Around 10:30 tomorrow night, Harrison will turn 40 weeks old. This birthday is probably of significance only to those of you who have ever been pregnant, for a baby’s due date is determined by measuring out 40 weeks from the date of conception. Harrison’s due date was May 4, 2004*, though he stubbornly refused to vacate the premises even though his lease was up. As too many of you witnessed first hand, it took a vacuum extractor suctioned firmly to his slippery head to finally evict him from his cozy abode after 41 weeks and 1 day of residence.
The point of the matter is that in just a few days, Harrison will have existed longer externally than he did internally, and that makes me profoundly sad. He has hit all of the milestones—grasping, rolling, sitting, crawling, and now pulling up—as if he had them scheduled in a PDA, but despite the feelings of wonder and pride that these accomplishments have engendered, it’s hard not to also realize that his babyhood is slipping away and there’s nothing I can do to stop it. When Doug pointed out Saturday that Harrison’s first tooth was finally erupting, I lost my shit.

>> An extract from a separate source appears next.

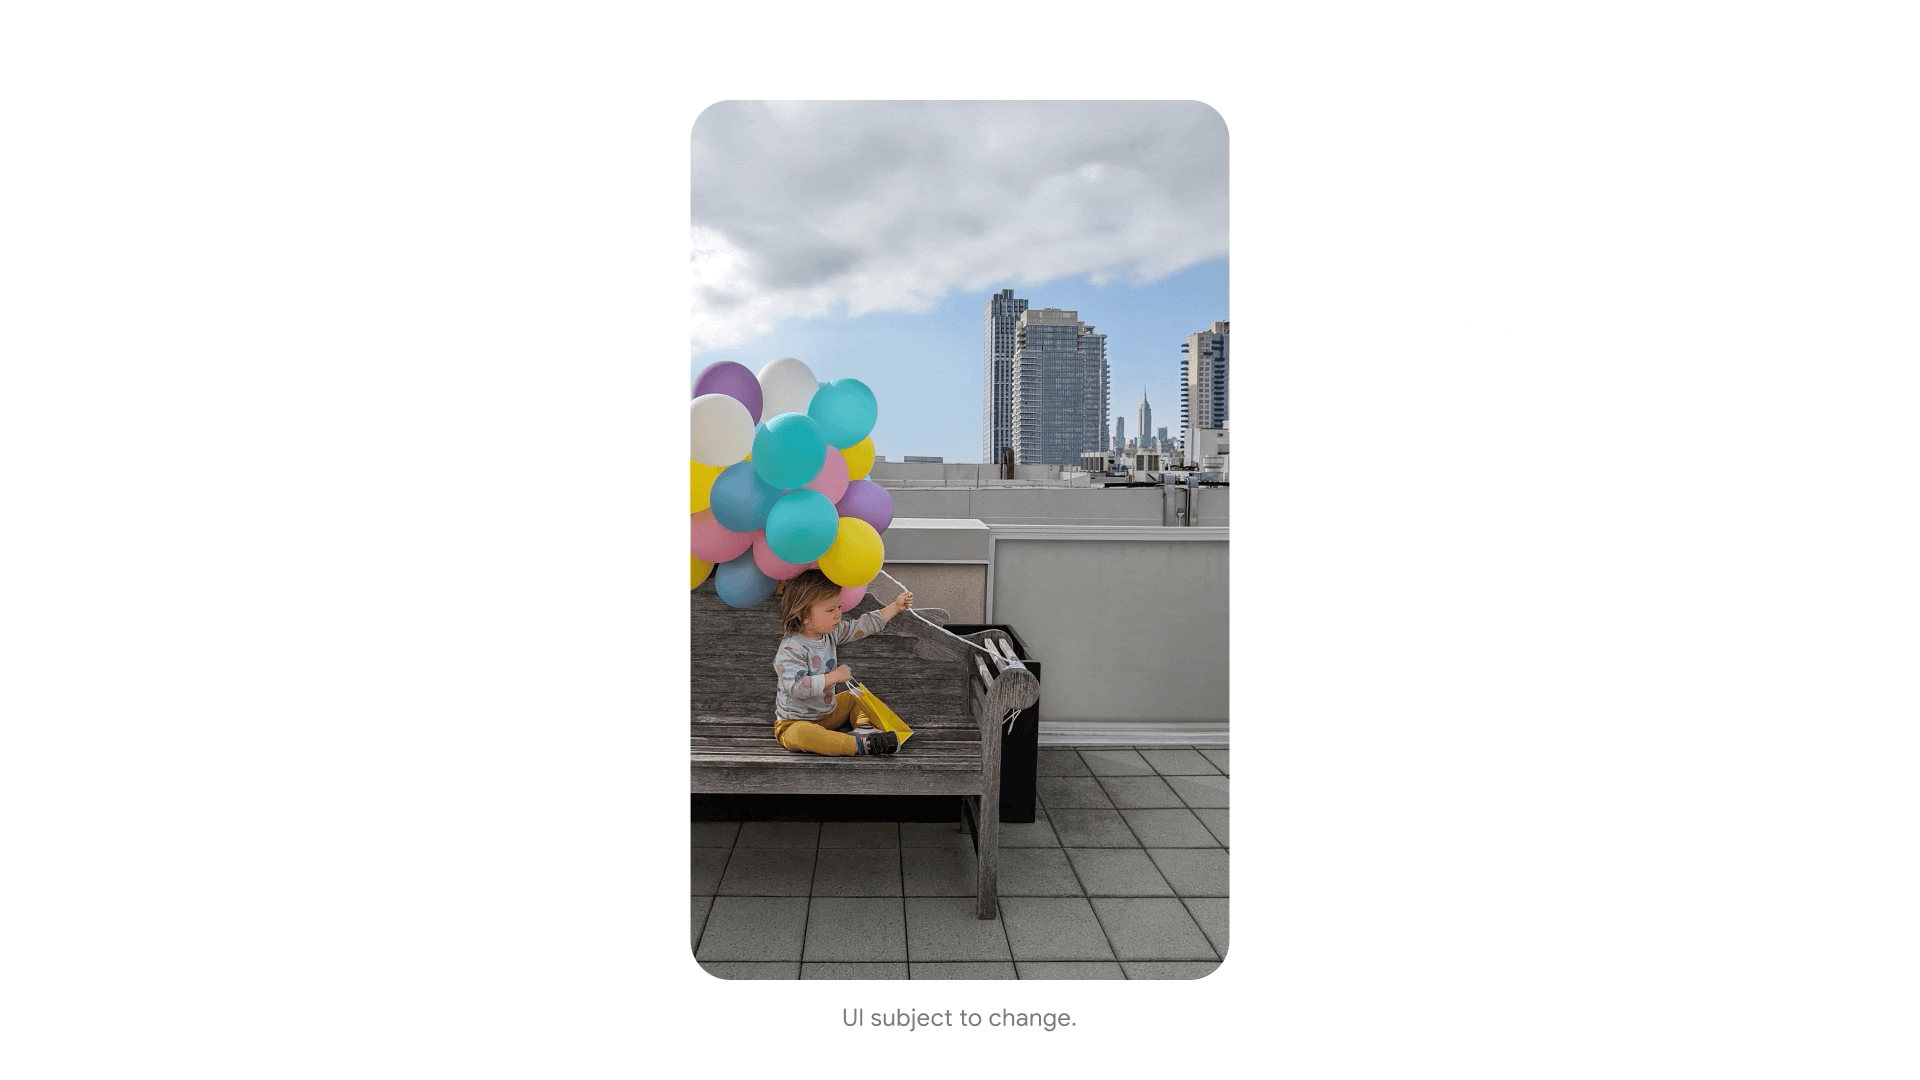 An animation of a toddler-aged boy on a bench on a rooftop, holding a bunch of colorful balloons, with a city skyline in the background. In the shot on the right the boy is centered, you see more of the bench and balloons and the sky is clearer.

While I was pregnant, some author I was reading theorized that the aim of all that we humans do in life is to get to a place where we feel as secure and happy as we did in utero. Perhaps mothers are likewise always yearning for that same, pure emotional connection--that perfect ability to protect their children--which they had while pregnant.
I don’t mean to romanticize either my 41 weeks of pregnancy or Harrison’s first 40 weeks in the big, wide world, but for mothers, and for mothers alone, the 40-week mark is a different kind of milestone, a bittersweet one, and that deserves a mention.
Happy forty-week birthday, my baby boy.